This also is one of the first, perhaps even the first, polls in which it was fully acknowledged by all that there was a huge attempt to manipulate the election to make Paul and Cruz win (two opposed strategic-voter teams, each organized and recruited). The organizers of the conference even encouraged this in an attempt to get more attendance-fee income – oh sorry, actually to "provide a test of the organizing and recruiting skills of the candidates." (Perhaps a better wording would have been "bribing skills" but we digress. Actually even as I write this in Oct. 2015, some of Rand Paul's top campaign workers are under indictment right now for a bribery that was part of his father Ron Paul's previous campaign for US president.)

This allows us to assess the impact of massive organized strategic voting efforts on the three voting systems. First of all, it is obvious that plurality voting was reduced to smoking rubble by the two strategic voter teams.

MJ massively fails in real world strategy-defense test while plain average-based score defends quite well

Second, the so-called "majority judgment" voting scheme was recommended by Balinski & Laraki, based not on the average rating, but rather on the median rating (plus a certain tie-breaking scheme if necessary). The top alleged reason for preferring median was that it would provide a better defense versus strategic voting, and/or discourage voters from even bothering to be strategic at all.

We here are in a position to perform the first-ever real-world test of that claim in an election with (as all involved acknowledged) massive organized strategic voting conspiracies.

The answer is about as clear as it could possibly be (albeit only based on this one election): MJ massively failed to provide such a defense. Plain average bent, but did not break, under the massive strategic assault. But MJ totally collapsed, claiming Paul had a "perfect" 5.0 median score – the same as presumably would have been obtained by "God" – while all rivals had "worst possible" median score 0.0 (the same as would have been obtained by the "Devil"), except for Cruz with 4.0.

("Paul=5, all others≤X" also holds regardless of whether we regard blank as 0 score, or as any other value≤X.)

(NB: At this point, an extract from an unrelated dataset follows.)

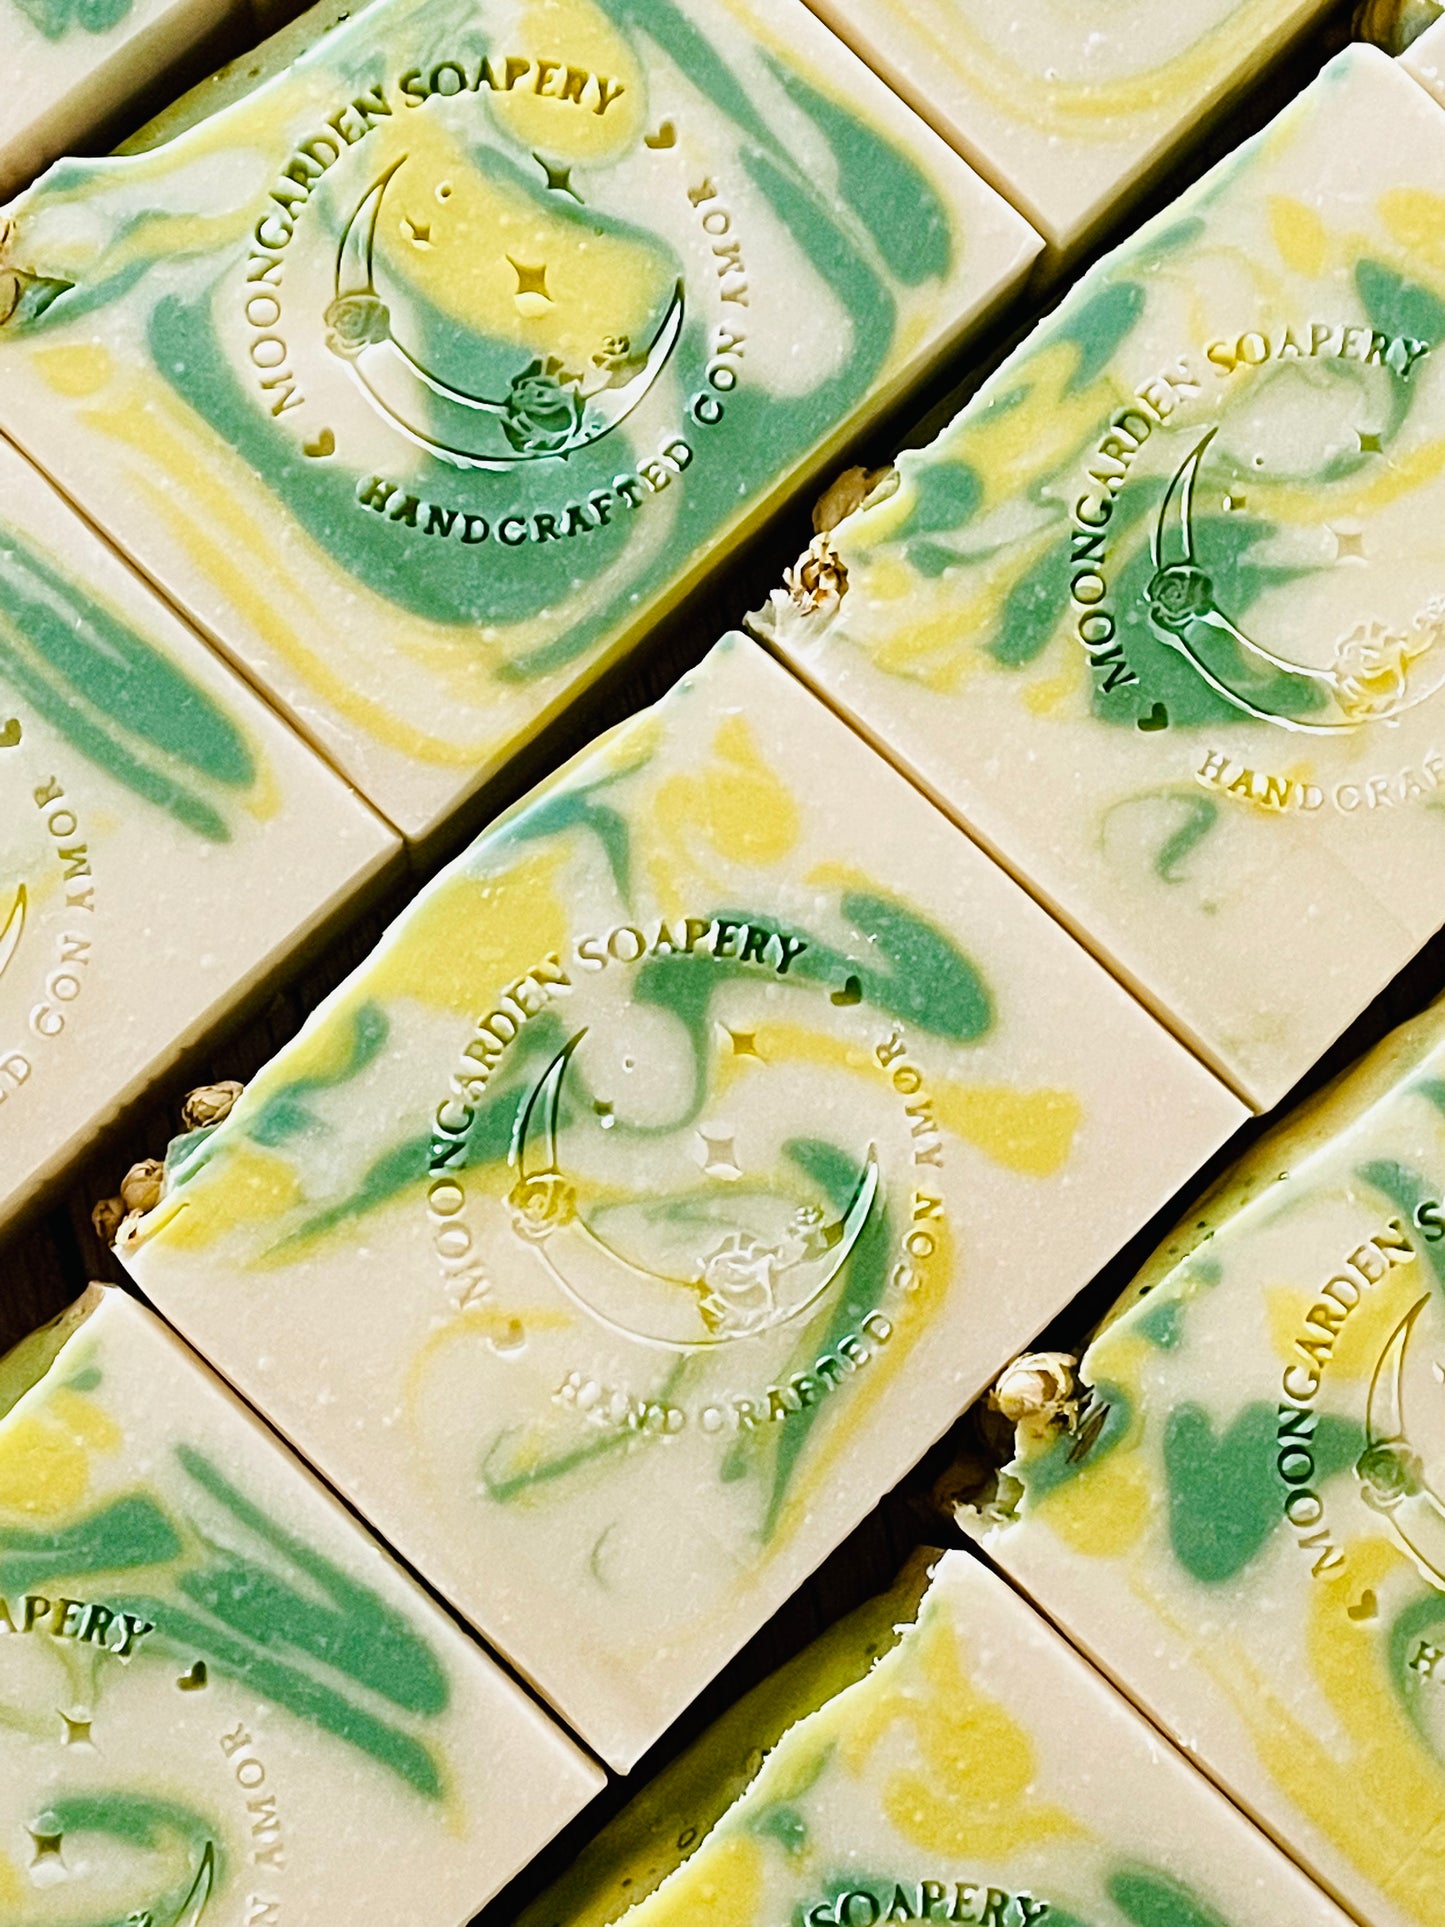 A closeup of some Honorable G. bar soaps. 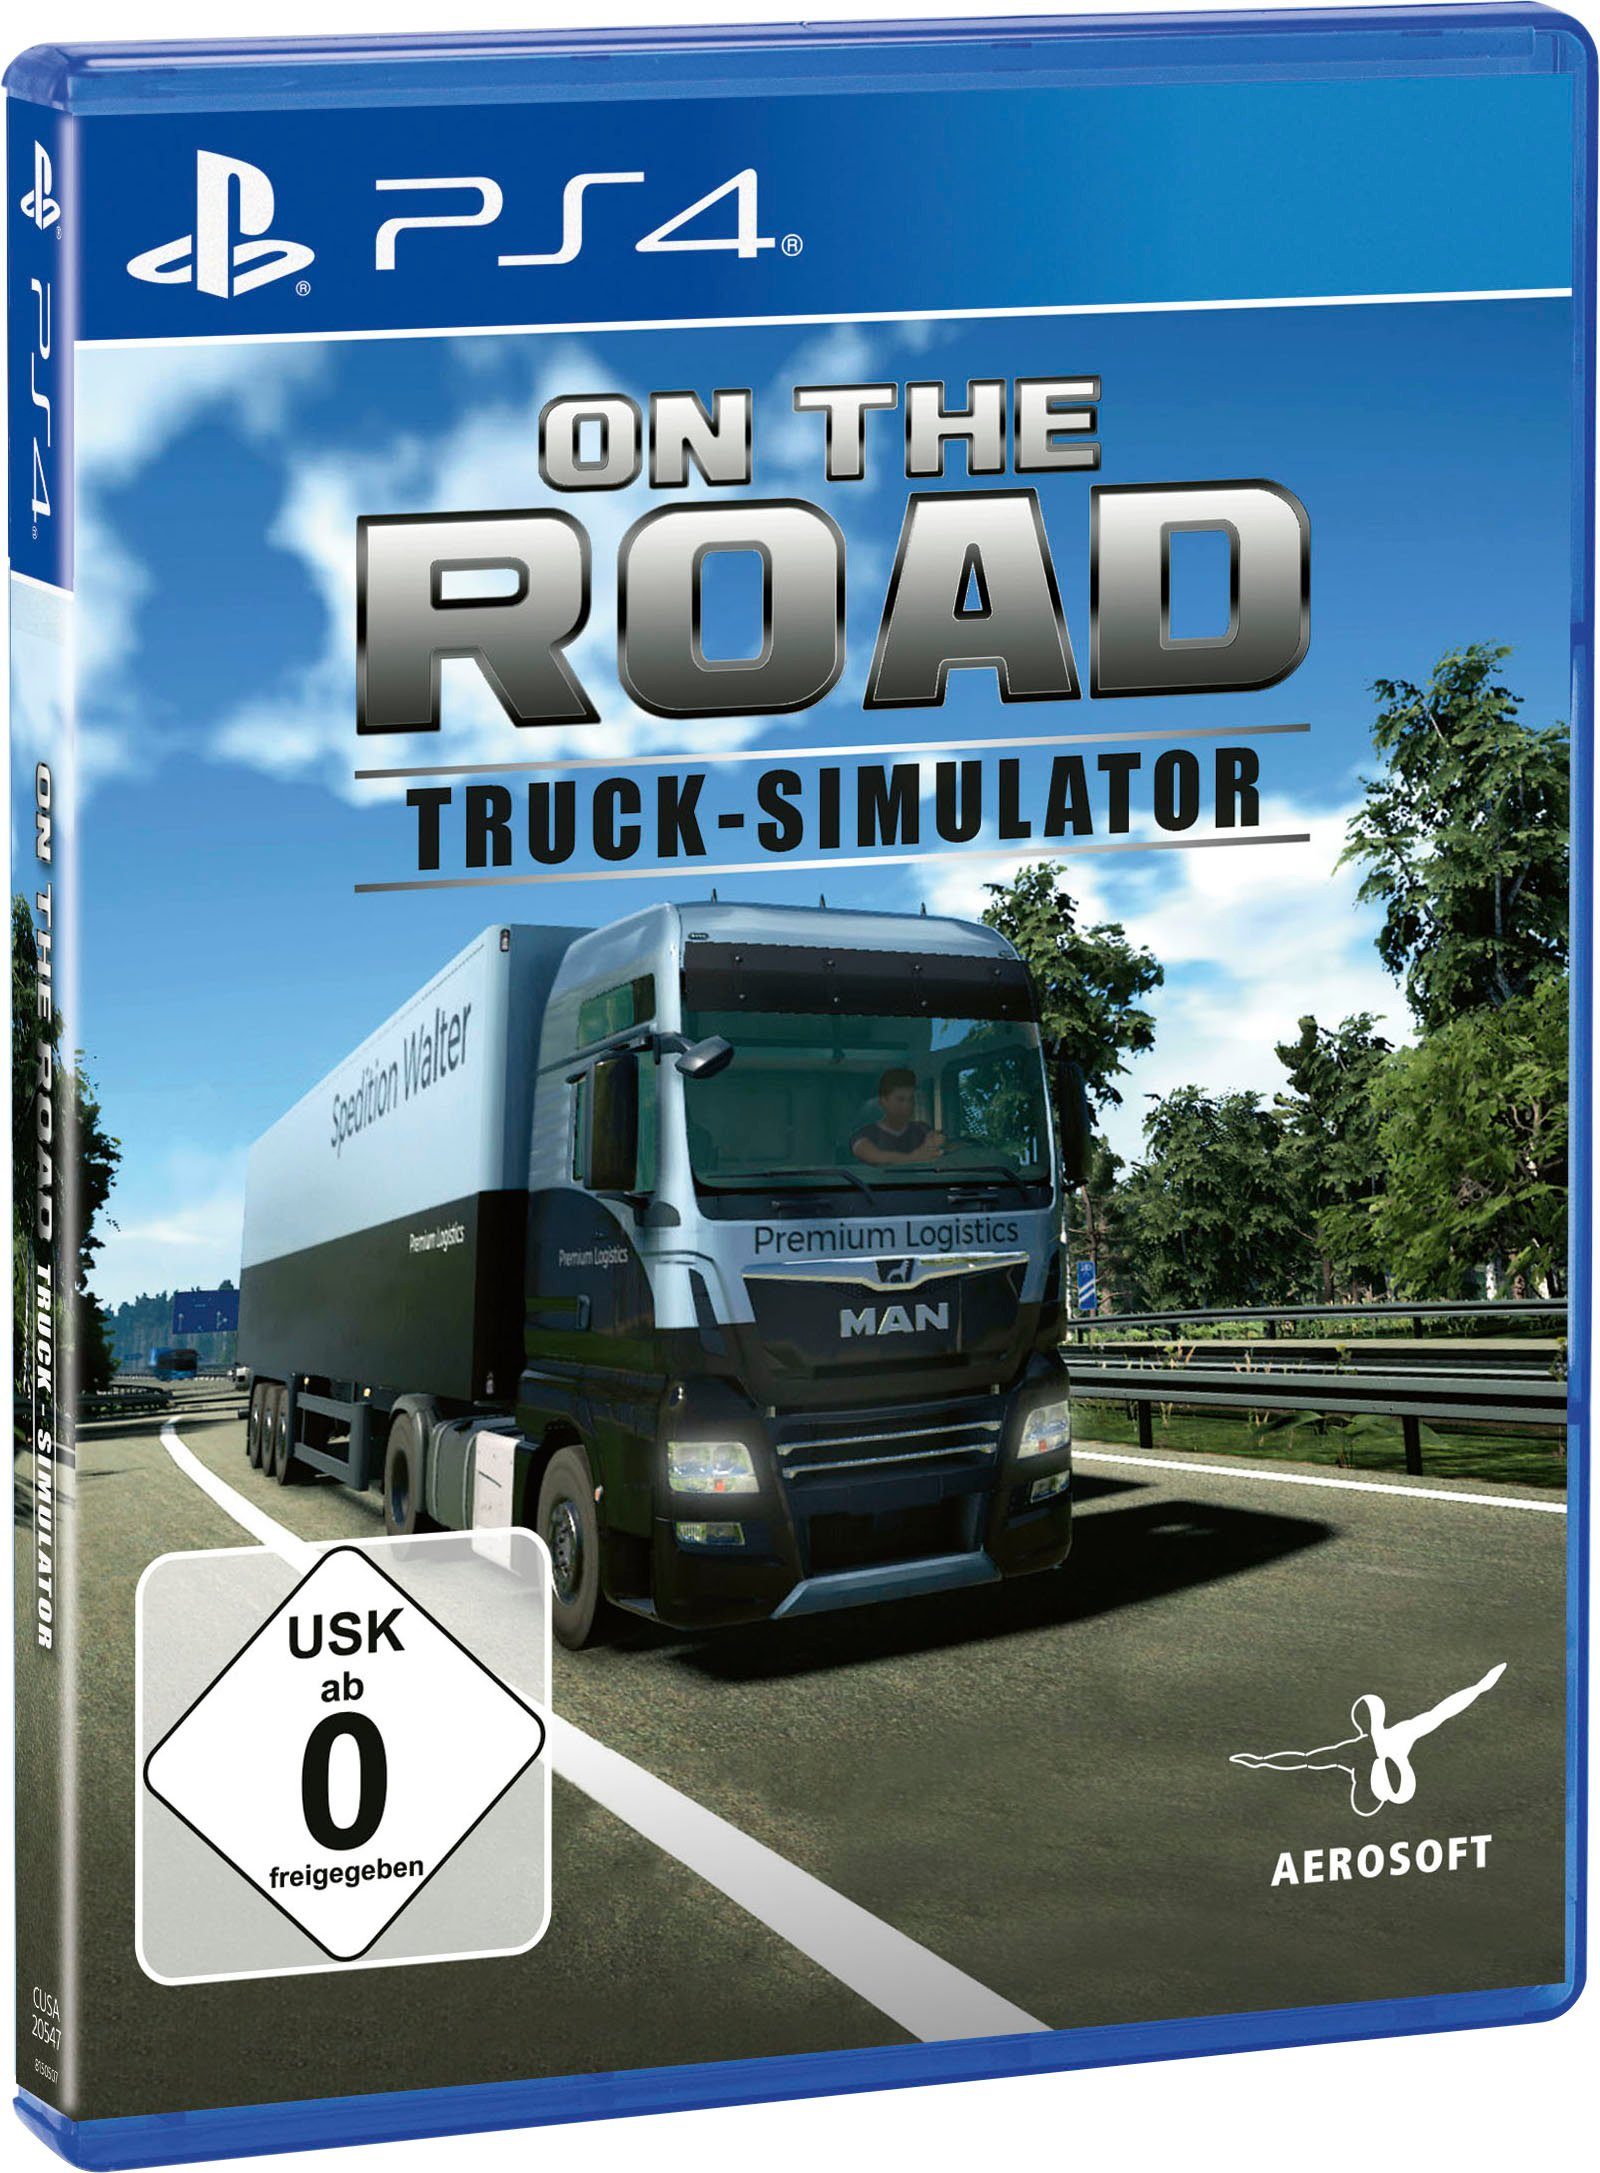 4 On Simulator PlayStation Truck - the Road

Meanwhile with ordinary average-based range voting, Paul only got average score 3.17 even with all strategists included. Without strategy, I believe Paul's average would have been about 3.6±0.6. Cruz got average score 2.77 with all strategists included. Without strategy, I believe Cruz's average would have been about 3.5±0.6. Note average also outperforms median reckoned by the difference 0.4 between Paul's and Cruz's averages versus the difference 1.0 between Paul's and Cruz's medians. (This remains true even if we multiply the former by 5/3.17.)

So there is no question plain average outperforms MJ as a defender against strategic voting, at least in this election.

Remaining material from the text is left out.